__Problem description__
Once the pictures are set aside, transcribe each line of the listing exactly.

__Recorded data__
++++++++++++++++++++

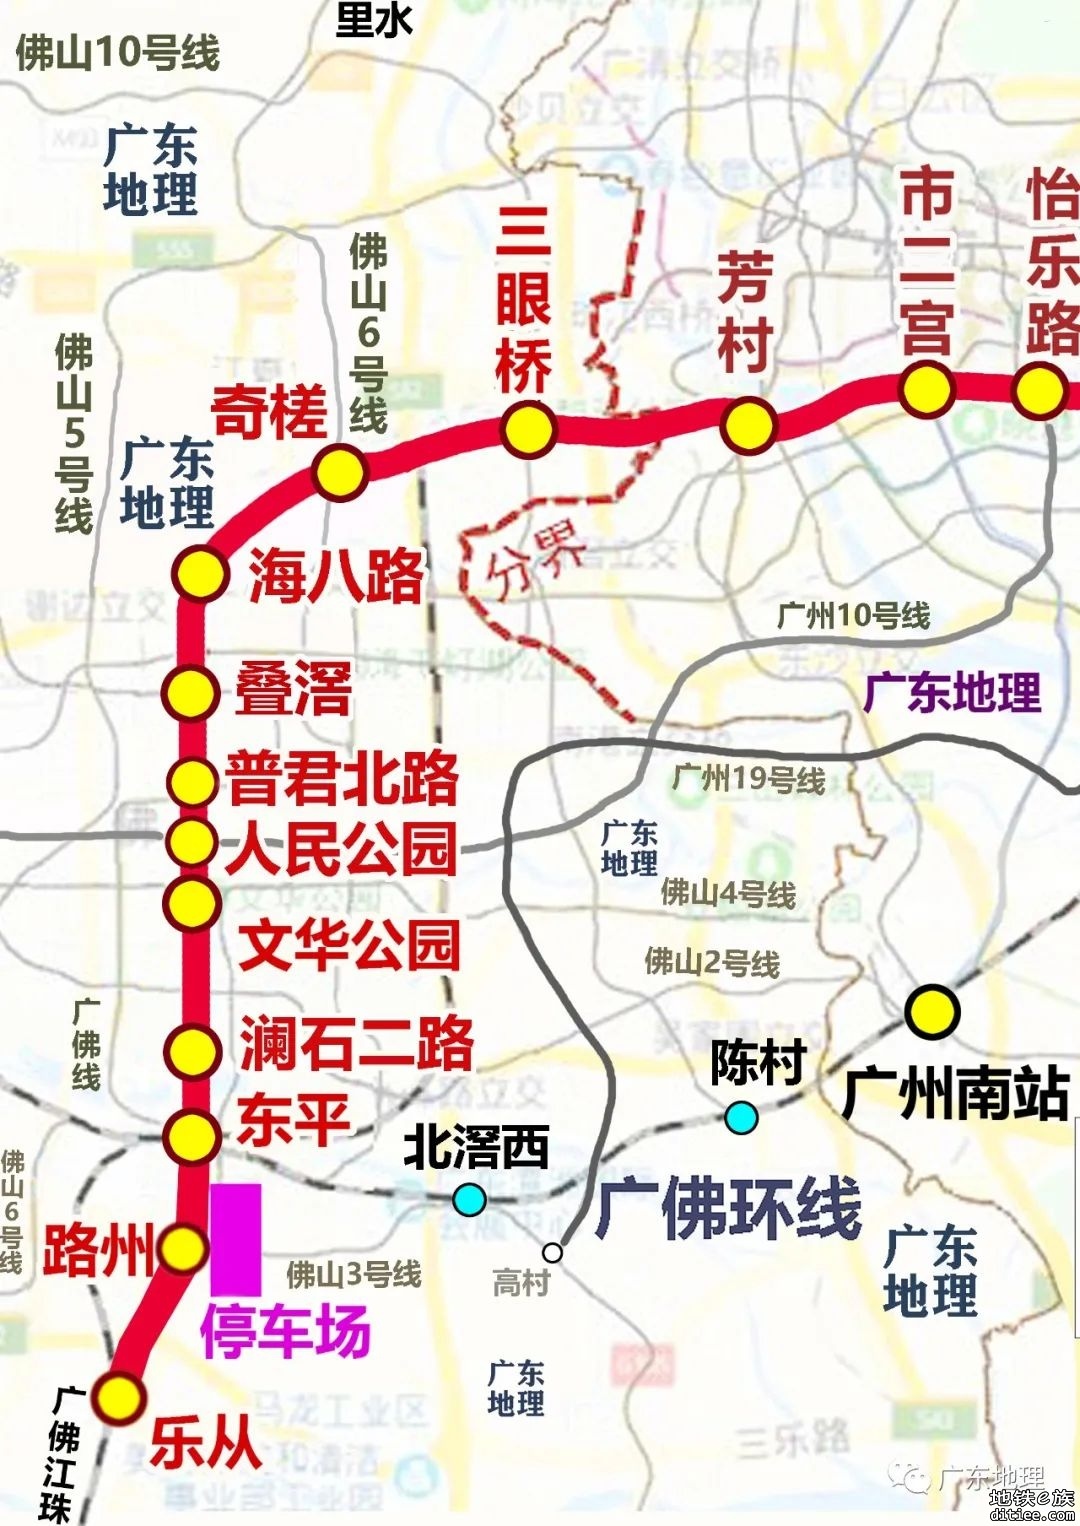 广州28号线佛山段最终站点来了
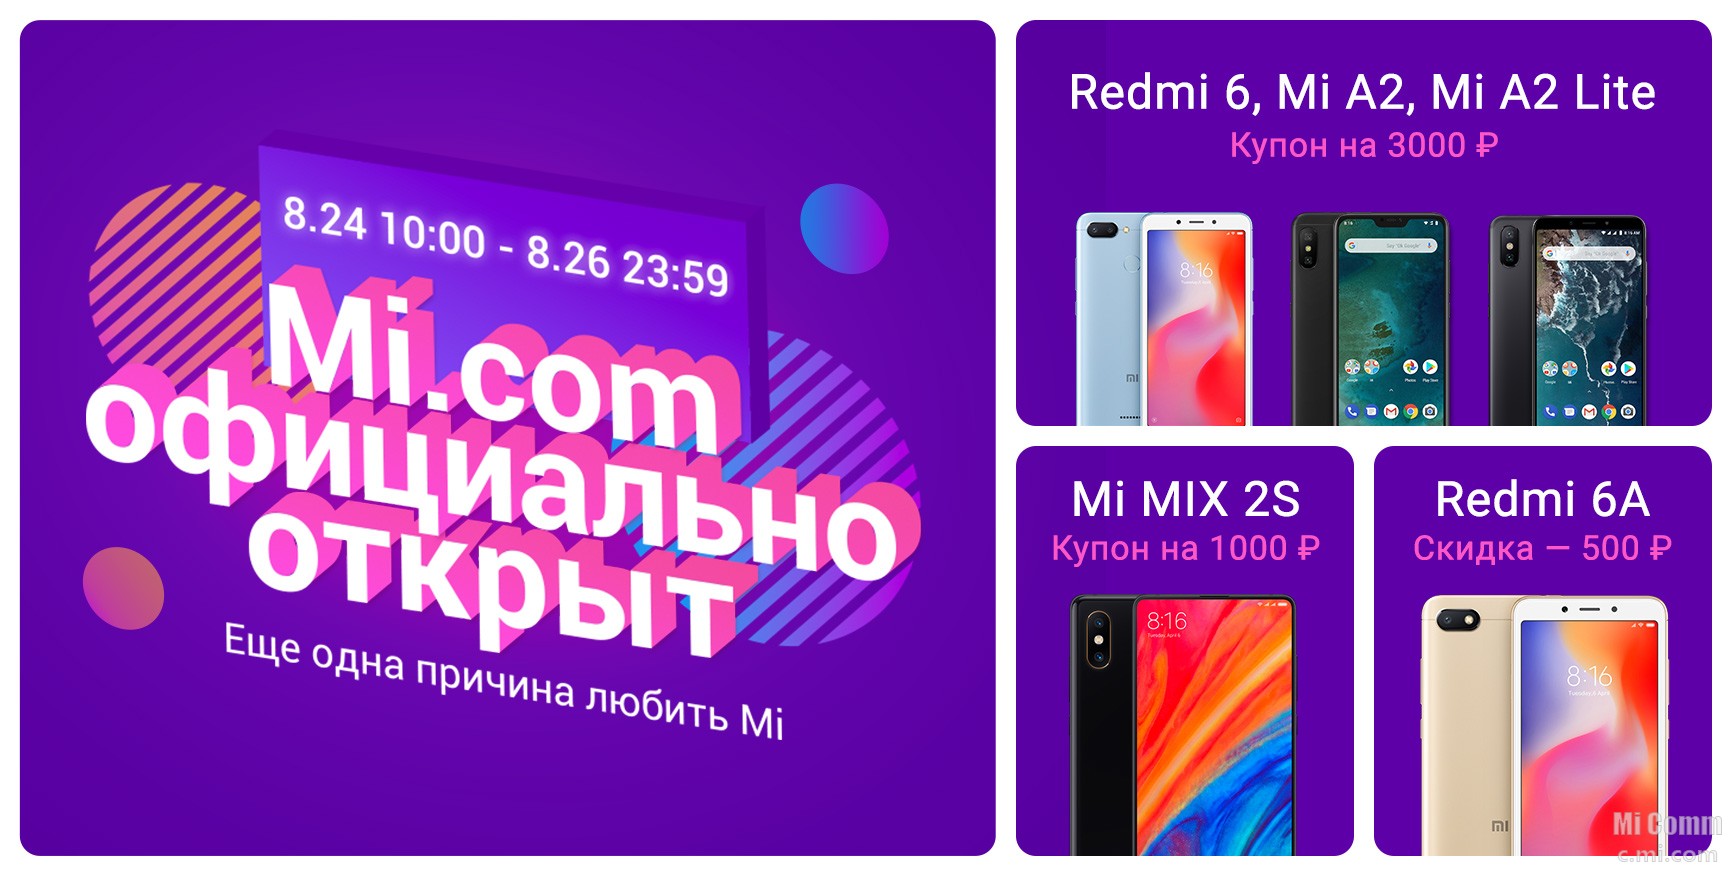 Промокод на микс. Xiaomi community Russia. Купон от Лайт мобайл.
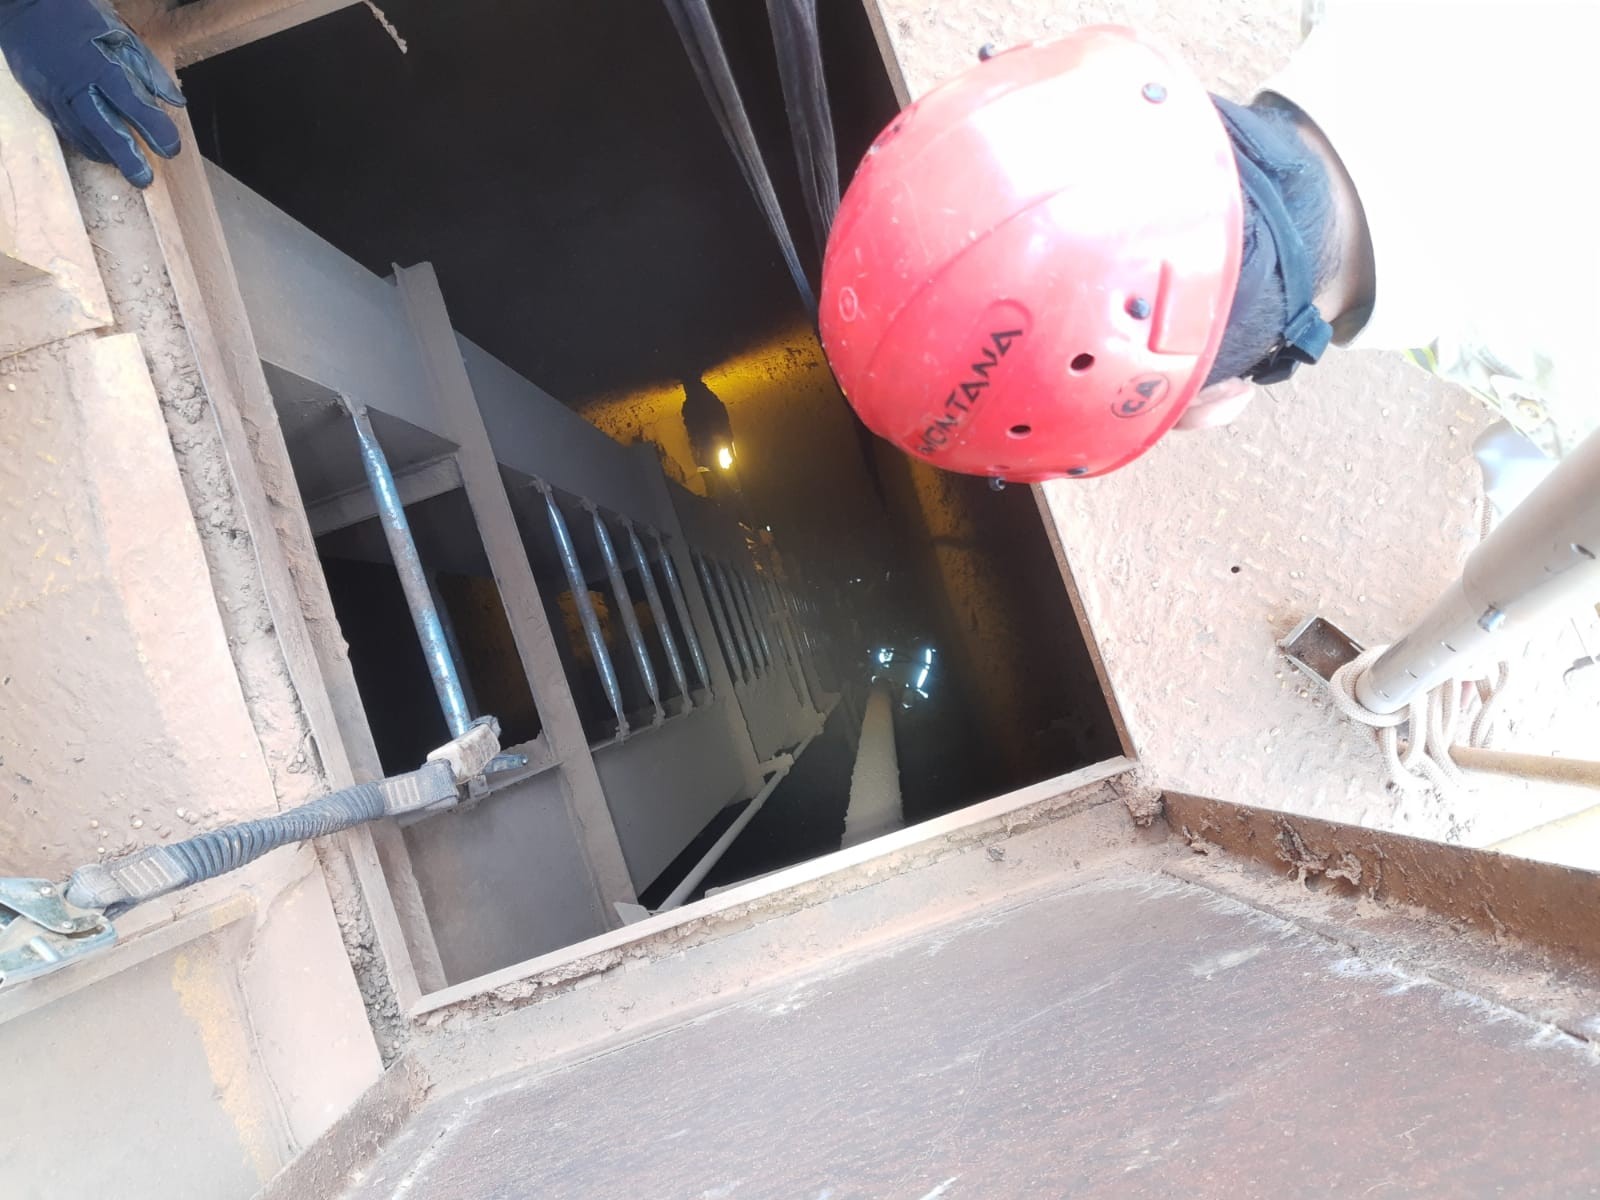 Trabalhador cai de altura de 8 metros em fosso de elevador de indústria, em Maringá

++++++++++++++++++++

__Solution__
 广州28号线佛山段最终站点来了
 Промокод на микс. Xiaomi community Russia. Купон от Лайт мобайл.
 Trabalhador cai de altura de 8 metros em fosso de elevador de indústria, em Maringá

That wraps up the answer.